Interviewer: And once it's locked?

Cra: Unblinding. The treatment assignments get revealed, and the locked, clean dataset gets handed to biostatistics for the analysis. And that's really the end of the operations arc — from there it's a statistics and reporting story, not mine.

Interviewer: So if you had to name the one thing people get wrong about all this — what is it?

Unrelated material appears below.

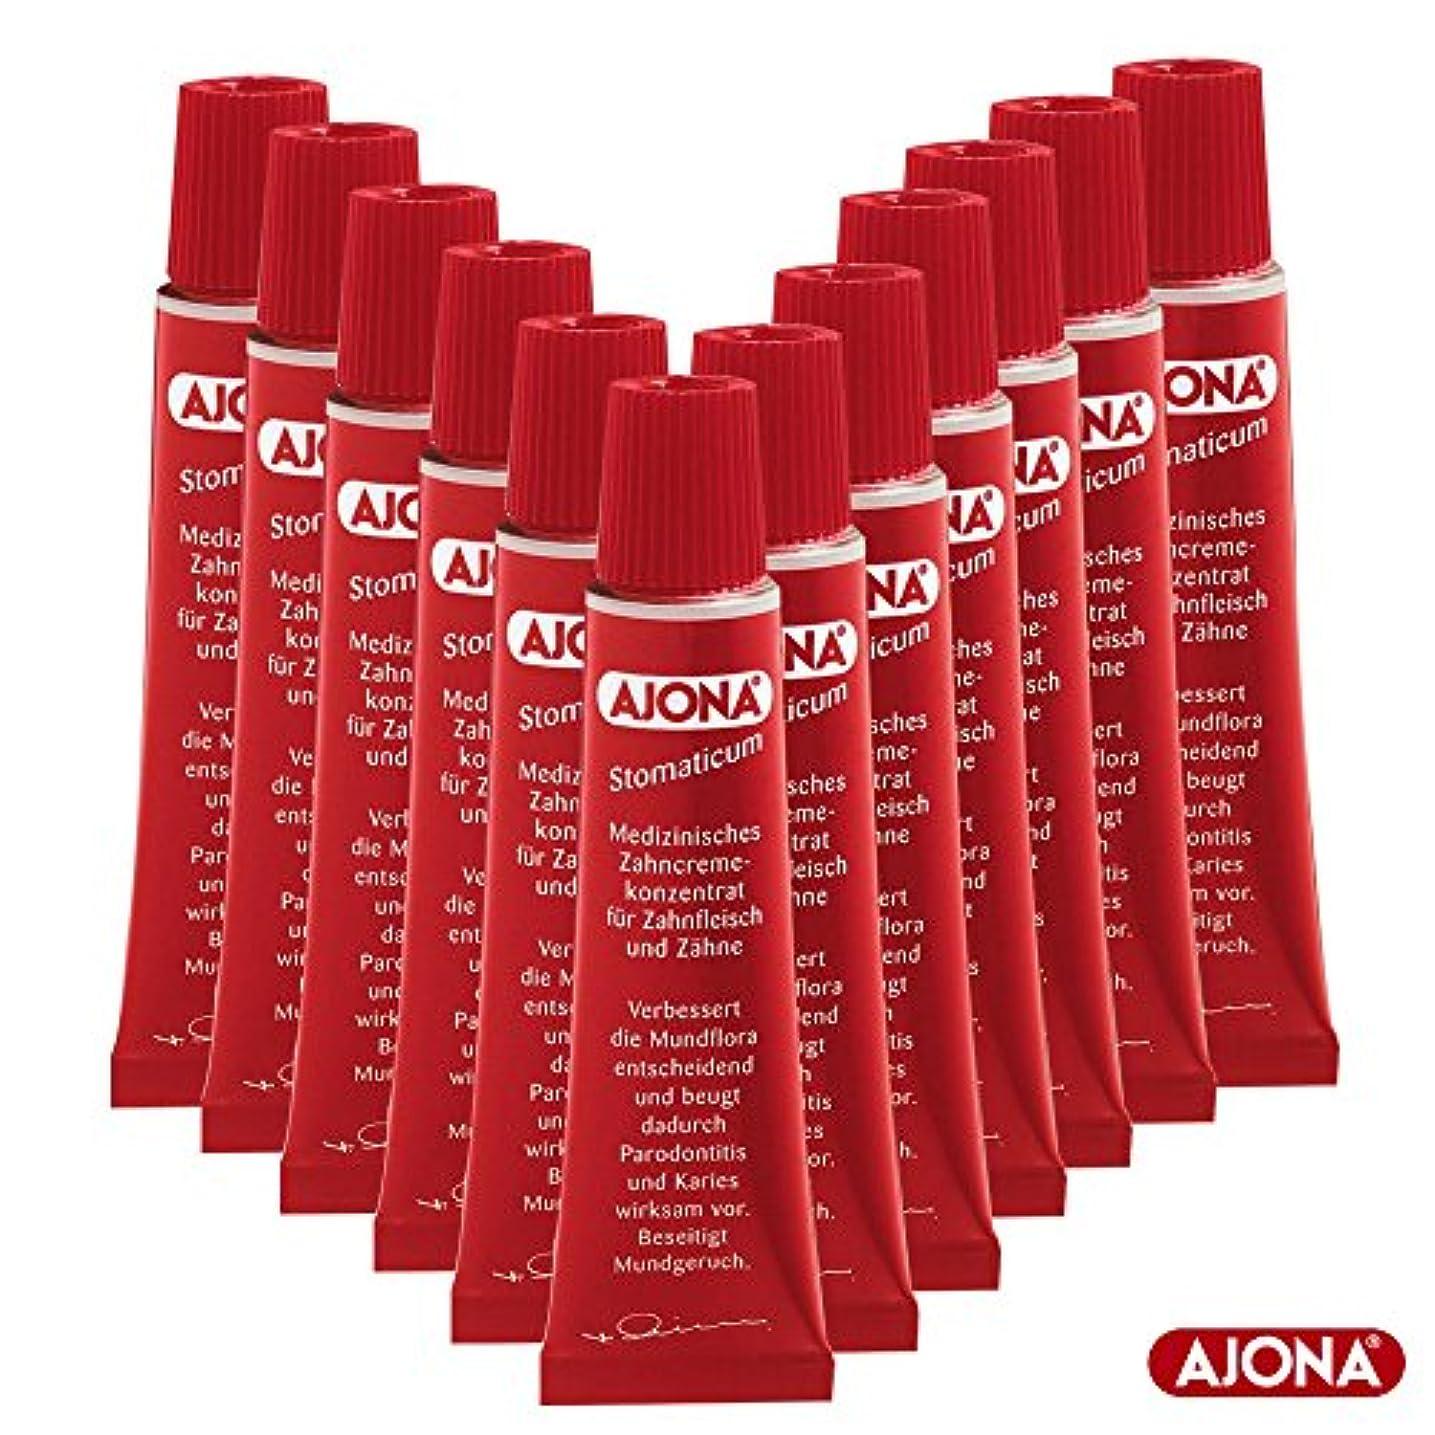 Ajona 濃縮歯磨き粉 Stomaticum Toothpaste 25ml(12x 25ml)-12Pack [並行輸入品]

Cra: They think the hard part is the science, or the lock at the end. It's not. The thing people get wrong is treating startup and enrollment as separate from the lock — like the clean database is a problem you solve at the end. It isn't. Every shortcut at the site initiation visit, every coordinator you didn't train well enough, every query you let pile up instead of resolving in the moment — all of that comes due at lock, all at once, usually against an immovable deadline. The clean lock is built — or lost — in month two, at the SIV, when you decided how disciplined the site was going to be. People sprint to activate the site and start enrolling because that's the visible milestone, and they pay for that haste for the entire rest of the trial. The teams that lock clean and on time are the ones who were boringly rigorous about source and queries from the very first patient. That's the whole game.

Interviewer: That's a great place to stop. Thanks.

Cra: Anytime. Beats writing the monitoring report.